(Beginning of Data section)

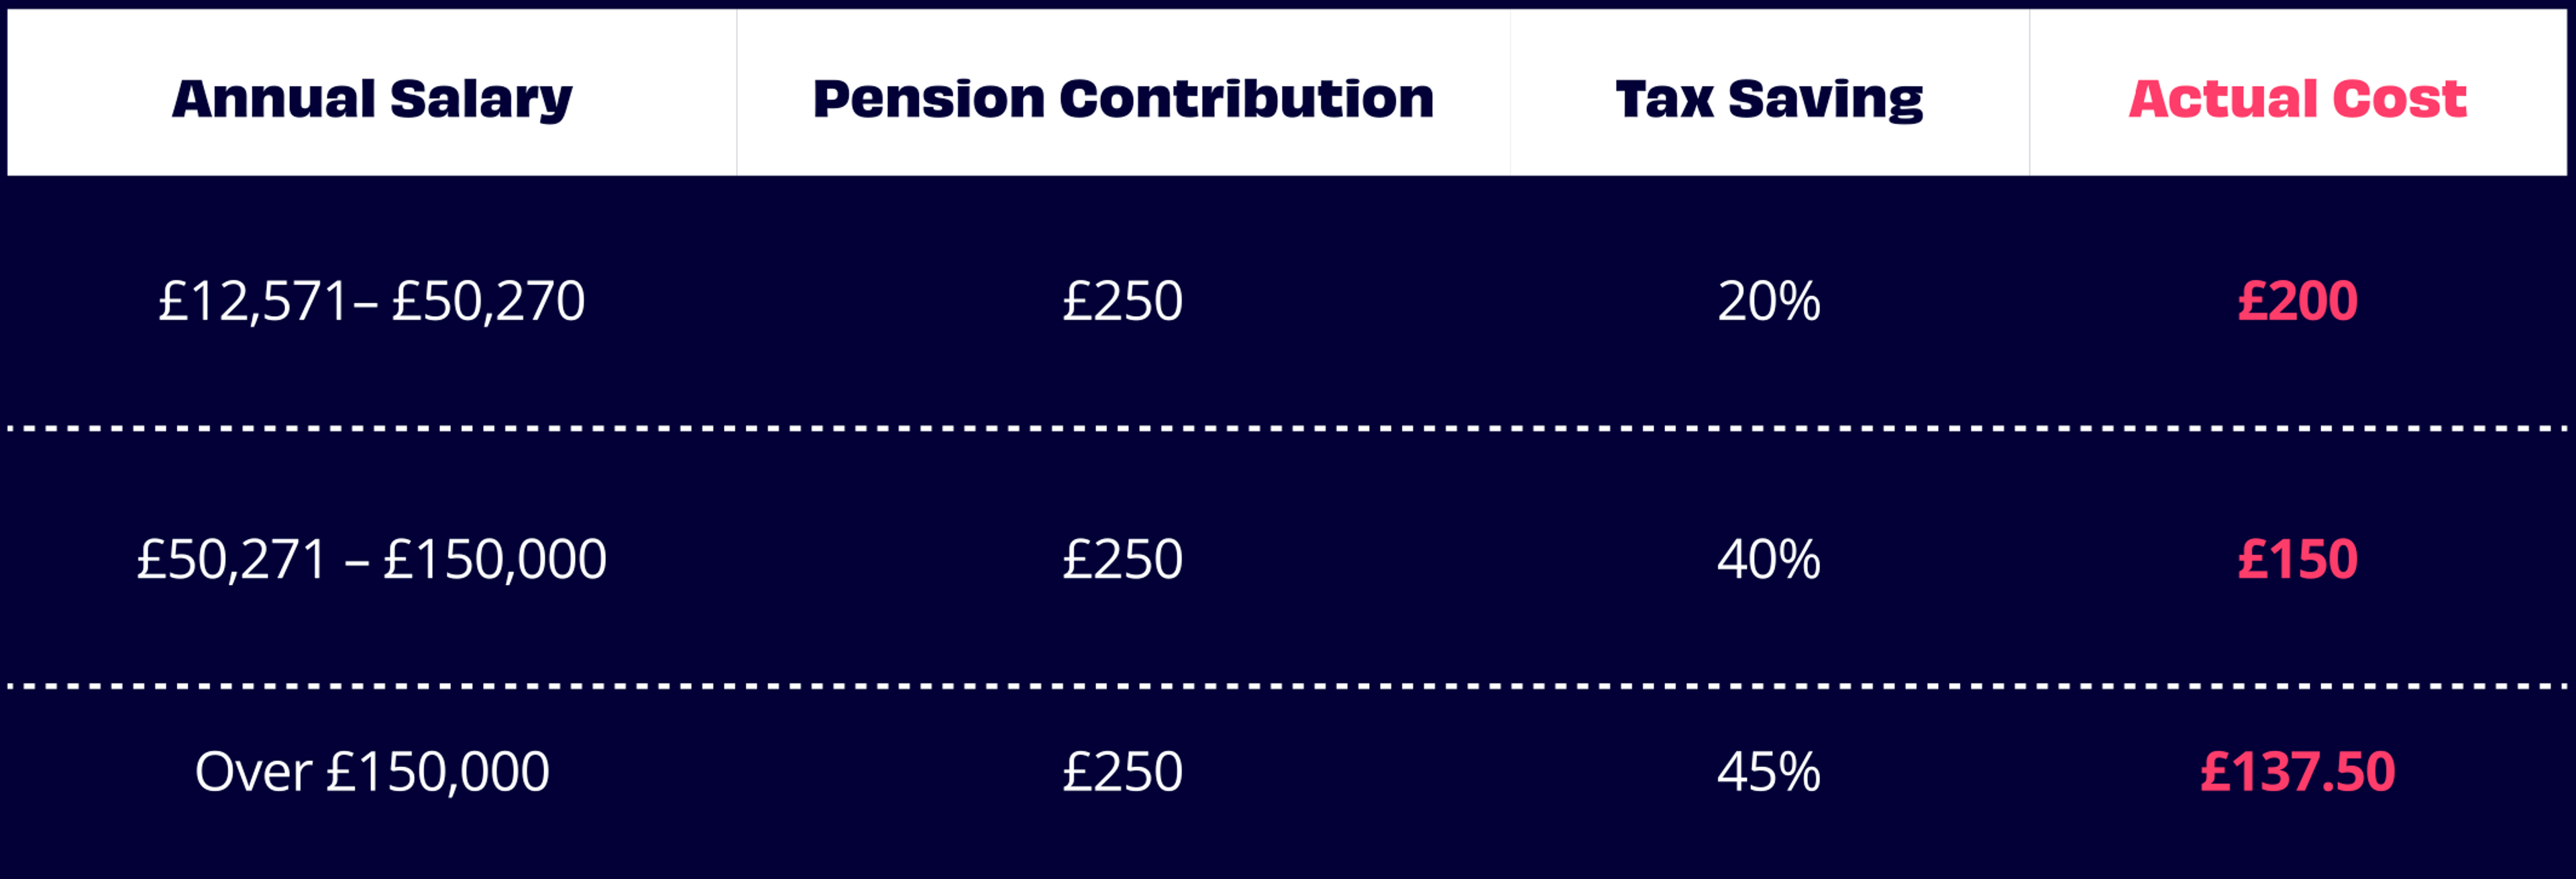 Table showing tax saving when using net pay pension contributions
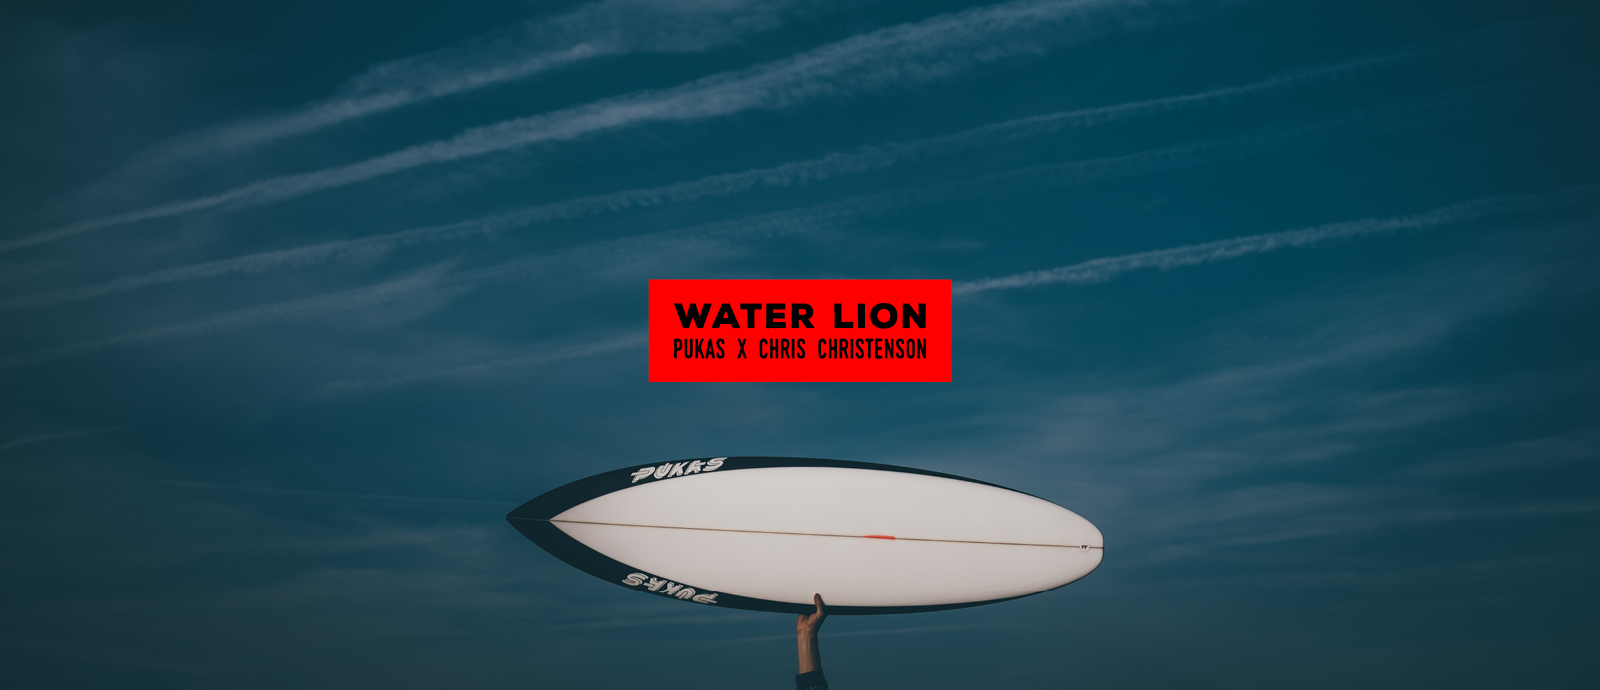 Pukas Surf Water Lion by Chris Christenson
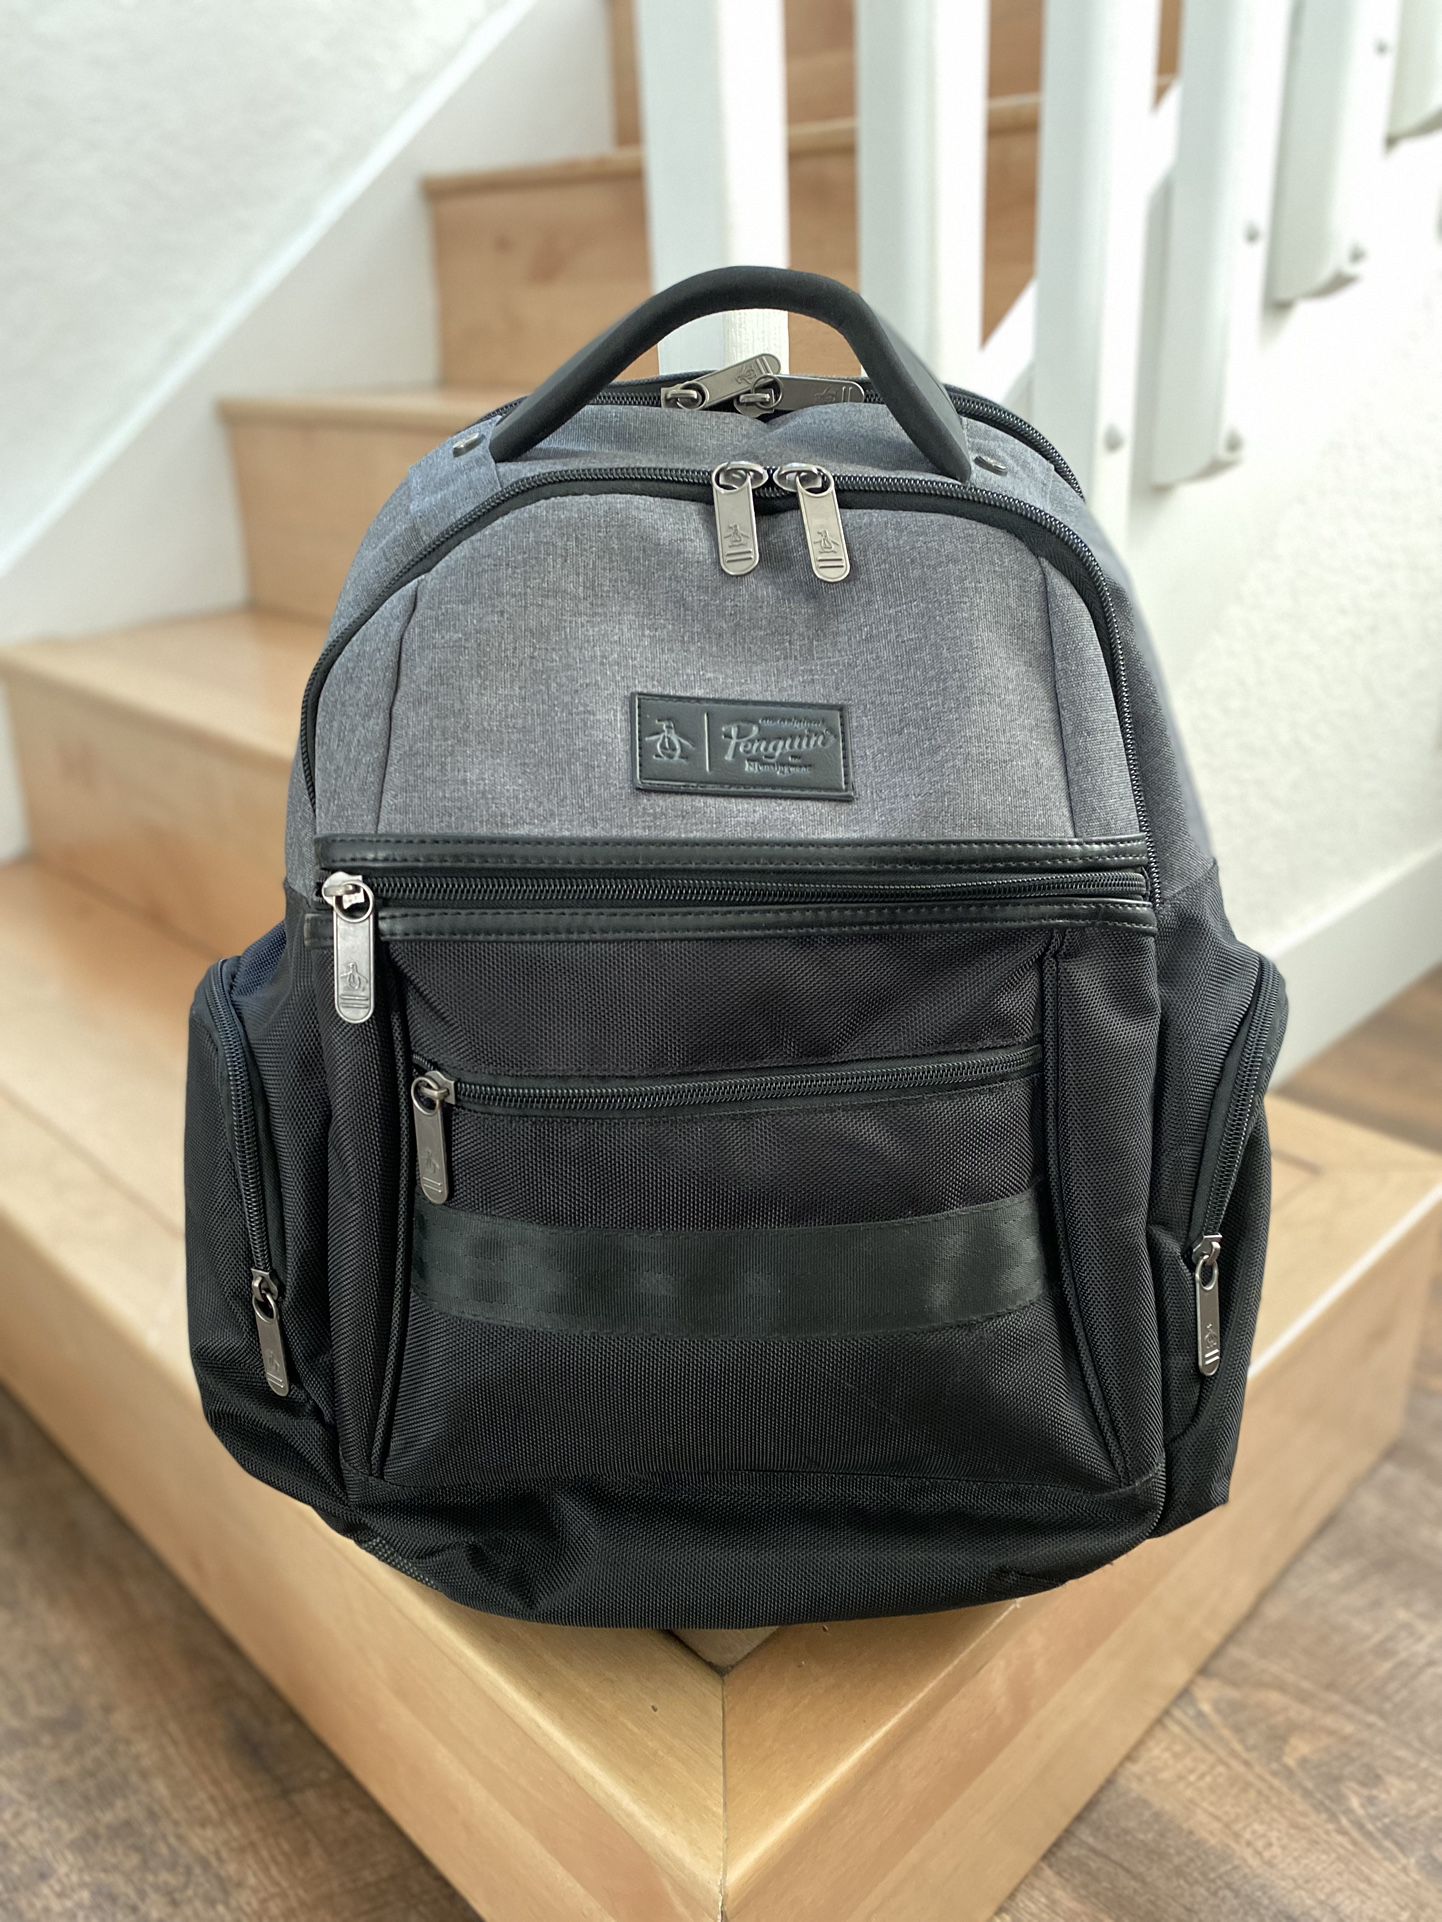 New Without Tags Original Penguin Men’s Black and Grey Laptop Backpack

(End of Data section)

The answer should be the complete listing, set down exactly, without pictures.

 Table showing tax saving when using net pay pension contributions
 Pukas Surf Water Lion by Chris Christenson
 New Without Tags Original Penguin Men’s Black and Grey Laptop Backpack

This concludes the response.